Koreans eat samgyetang on three specific summer days: chobok, jungbok, and malbok — the first, middle, and last heat days of the lunar calendar, roughly coinciding with the hottest period of July and August. The logic is iyeol chiyeol (이열치열): fight heat with heat. Eating a hot, fortifying soup on the hottest days is believed to restore the energy lost to the summer.

The dish is built on contrast: the clear, delicate broth; the stuffed, collapsing chicken; the earthy, slightly bitter ginseng. At good samgyetang restaurants, the chicken is so soft it comes apart in the bowl when you touch it. The rice inside absorbs the chicken fat and broth as it cooks and becomes almost creamy.

What You Need

Per serving (serves 1 generously):

  • 1 whole Cornish hen (800g-1kg) or small chicken
  • ¼ cup sweet glutinous rice (chapssal), soaked 2 hours
  • 4-6 cloves garlic, whole
  • 1 fresh ginseng root (or 1 dried ginseng root, rehydrated) — or 2 tbsp ginseng powder as substitute
  • 3-4 jujubes (dried red dates), rinsed
  • 1 scallion
  • Water to cover (about 1.5-2L per chicken)
  • Coarse sea salt and white pepper (served on the side, not added to the pot)

How to Make It

Prep the chicken: Remove giblets. Rinse inside and out. Pat dry.

Stuff the chicken: Pack the cavity loosely with soaked glutinous rice (it will expand), 2-3 garlic cloves, 1-2 jujubes, and the ginseng. Close the cavity by tying the legs together with kitchen string or tucking the legs under.

Into the pot: Place stuffed chicken breast-side down in a pot just large enough to hold it. Add remaining garlic, jujubes, and scallion. Cover with cold water — the chicken should be fully submerged.

Simmer: Bring to a boil over high heat. Skim off any grey foam that rises to the surface. Reduce heat to medium-low. Simmer gently, partially covered, for 1.5-2 hours. The chicken is done when the meat is falling off the bone and the broth is a clear golden color.

Do not season the broth during cooking. Samgyetang is deliberately unsalted — each person seasons their own portion with coarse sea salt and white pepper at the table. This is the traditional and correct service method.

Serve: Ladle one whole chicken into a deep individual stone bowl or deep soup bowl. Ladle broth over and around. Set coarse sea salt, white pepper, and sliced scallion on the side.

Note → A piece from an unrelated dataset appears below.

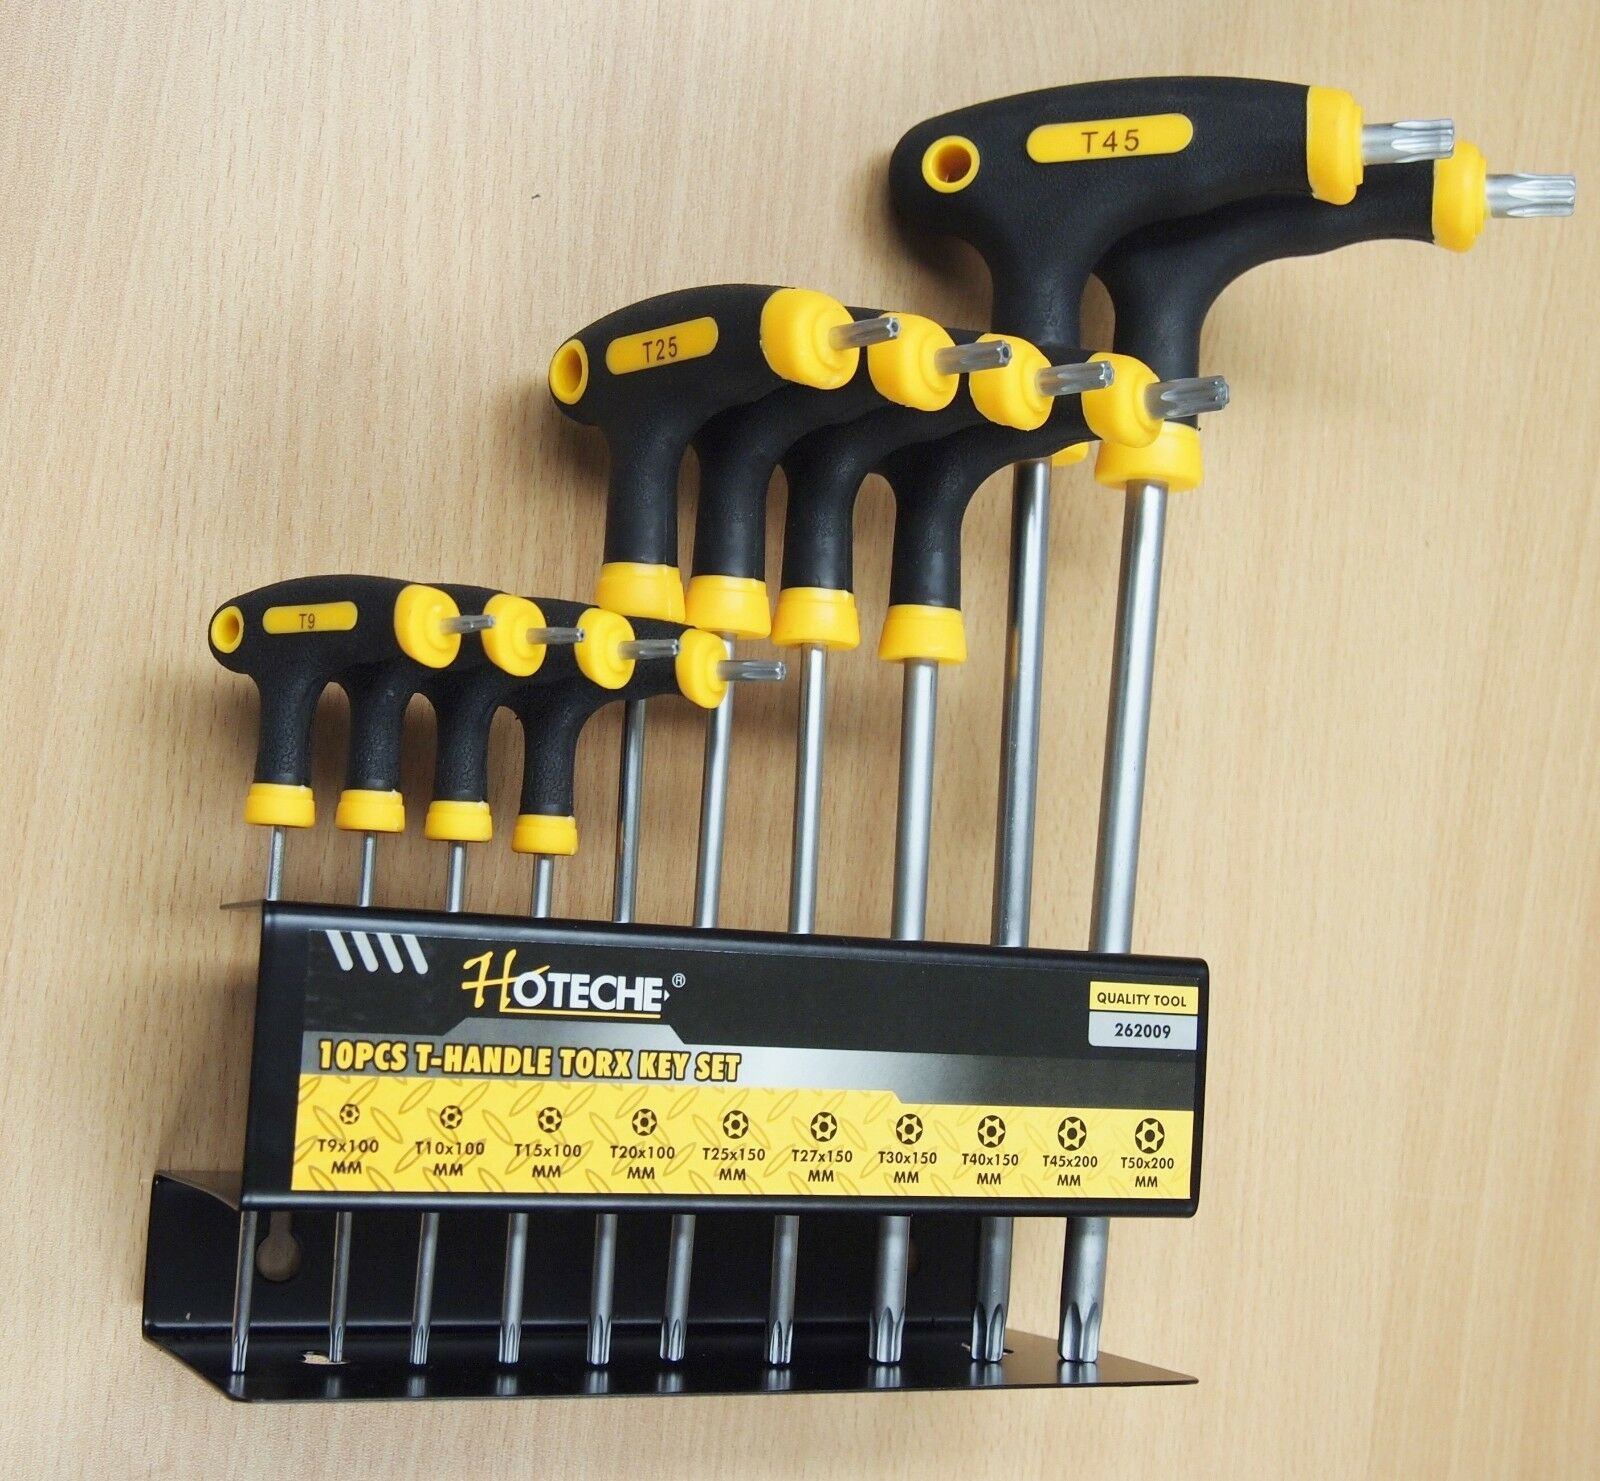 Bondhus Gorilla Grip Tamper Resistant Security Torx Star Fold Up Wrench T7-T25

Eating: Season the broth in your own bowl to taste. Eat the chicken directly from the bone. The stuffing — now cooked glutinous rice — is eaten directly from the cavity with a spoon.

Variations

Without fresh ginseng: Use 2 dried ginseng root pieces (available at any Korean grocery) or 1 tbsp ginseng powder added to the pot. Fresh ginseng is ideal but dried works well.

Abalone samgyetang (jeonbokjuk version): Some restaurants add 2-3 small abalone to the pot. The abalone cook in the broth and the flavor transfers.

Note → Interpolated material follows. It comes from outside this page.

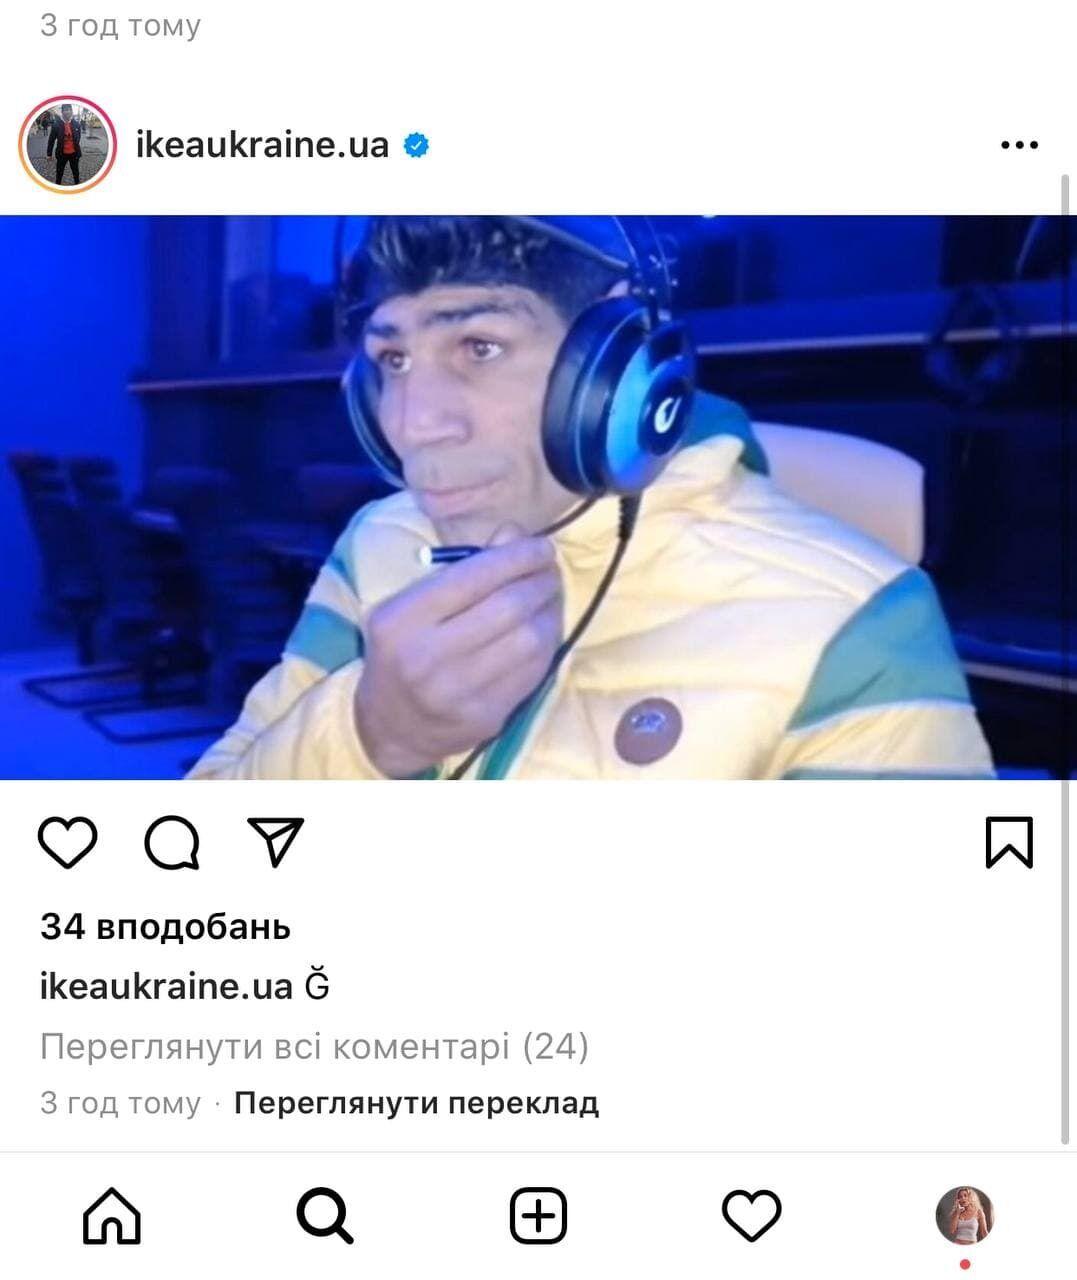 Украинский аккаунт IKEA в Instagram взломали

The rice question: Some cooks use regular short-grain rice instead of glutinous rice. The glutinous rice (chapssal) becomes sticky and creamy, which is the traditional texture. Regular rice stays more distinct. Either works.


Samgyetang requires nothing except time. The two-hour simmer is not hands-on — once the pot is simmering, walk away. The dish rewards patience and a cold beer while you wait.